A 6-year-old Girl From New Jersey Dies in a Holiday Accident Involving a Badminton Racquet

A 6-year-old Girl From New Jersey Dies in a Holiday Accident Involving a Badminton Racquet

Police say a 6-year-old girl died this week after being hit in the head by a stray badminton racquet shaft while on vacation with her family in Maine.

The girl, named Lucy Morgan from Stockholm, New Jersey, died Wednesday at Maine Medical Center in Portland. She was in an accident on June 1 at noon in Limerick, which is about 30 miles west of Portland, and died there.

Police and her father both say that she was hit while playing badminton with her brothers in the front yard of a lake cottage in Limerick.

Jesse Morgan is the father. He is the pastor of worship and teaching at Green Pond Bible Chapel in Newfoundland, New Jersey. In a blog related to the nondenominational school, he wrote about what happened to Lucy.

He said that lunch was over for the family and that he and his wife were in the back of the house when they heard screaming in front.

“Because of a freak accident with a racquet that broke on a downward swing, a sharp piece had gone into Lucy’s head while she was sitting on the sidelines and seriously hurt her,” he wrote. “She wasn’t moving or breathing while I held her and prayed to God with her mother Bethany.”

State police said that the “aluminum shaft of a badminton racquet had come loose from the wooden handle,” which is what hit the girl in the head and pierced her brain.

They said Lucy was taken to MaineHealth Maine Medical Center in Sanford and then flown to Maine Medical Center in Portland by chopper.

Jesse Morgan wrote that Lucy had hypoxic–ischemic encephalopathy, which is brain damage that can happen when the brain doesn’t get enough oxygen. He said it was clear by Wednesday that she wasn’t coming back.

If you look at the initial impact that caused the global hypoxic brain injury she had and how bad the swelling was, it was almost certain that she had died of brain damage, Morgan wrote.

He said that she was pronounced dead that morning.

At first, it wasn’t clear if Maine’s Office of Chief Medical Examiner did an autopsy or just planned one.

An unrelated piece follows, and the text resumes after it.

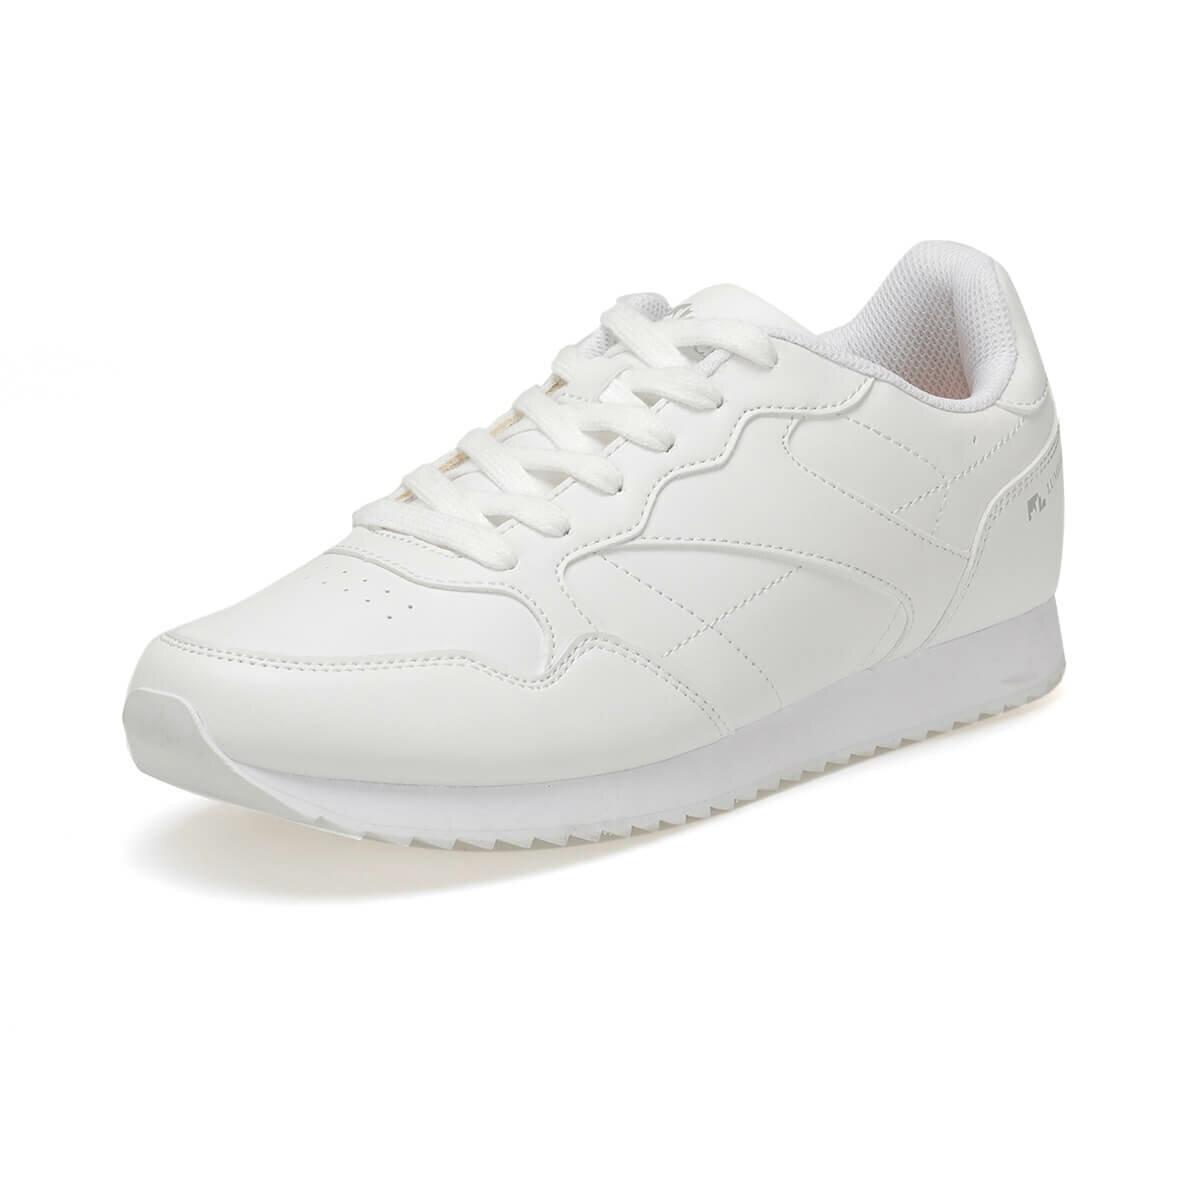 FLO RAFAEL 9PR Black Men 'S Sneaker Shoes LUMBERJACK

There, spokespeople were working on an answer to a question about facts.

When Lucy died, Morgan wrote about how it hurt her mother and their three other kids—a 4-year-old boy, an 8-year-old girl, and a 10-year-old boy.

The minister wrote that Shiloh, who was eight years old, “broke down right away.” “Being in the middle, she and Lucy are best friends.”

Morgan wrote that the “calamity” put his faith to the test.

“We were ready to fight every one of you in a war against the darkness,” he said.

The minister wrote that the outpouring of support, including visits from family, other church leaders, and members, gifts of food and flowers, and letters of support from some of the tens of thousands of people who read his posts, were reminders of God’s kindness.

“There was and is proof of God’s grace in this tragedy, like gold at the bottom of a deep, dark well. We just had to be willing to dig deep to find it,” he said.

An event to honor Lucy will take place at Green Pond Bible Chapel on June 15.

She told NBC News on Friday, “I want her story to be one of hope.” “The worst thing that could have happened has helped other people.”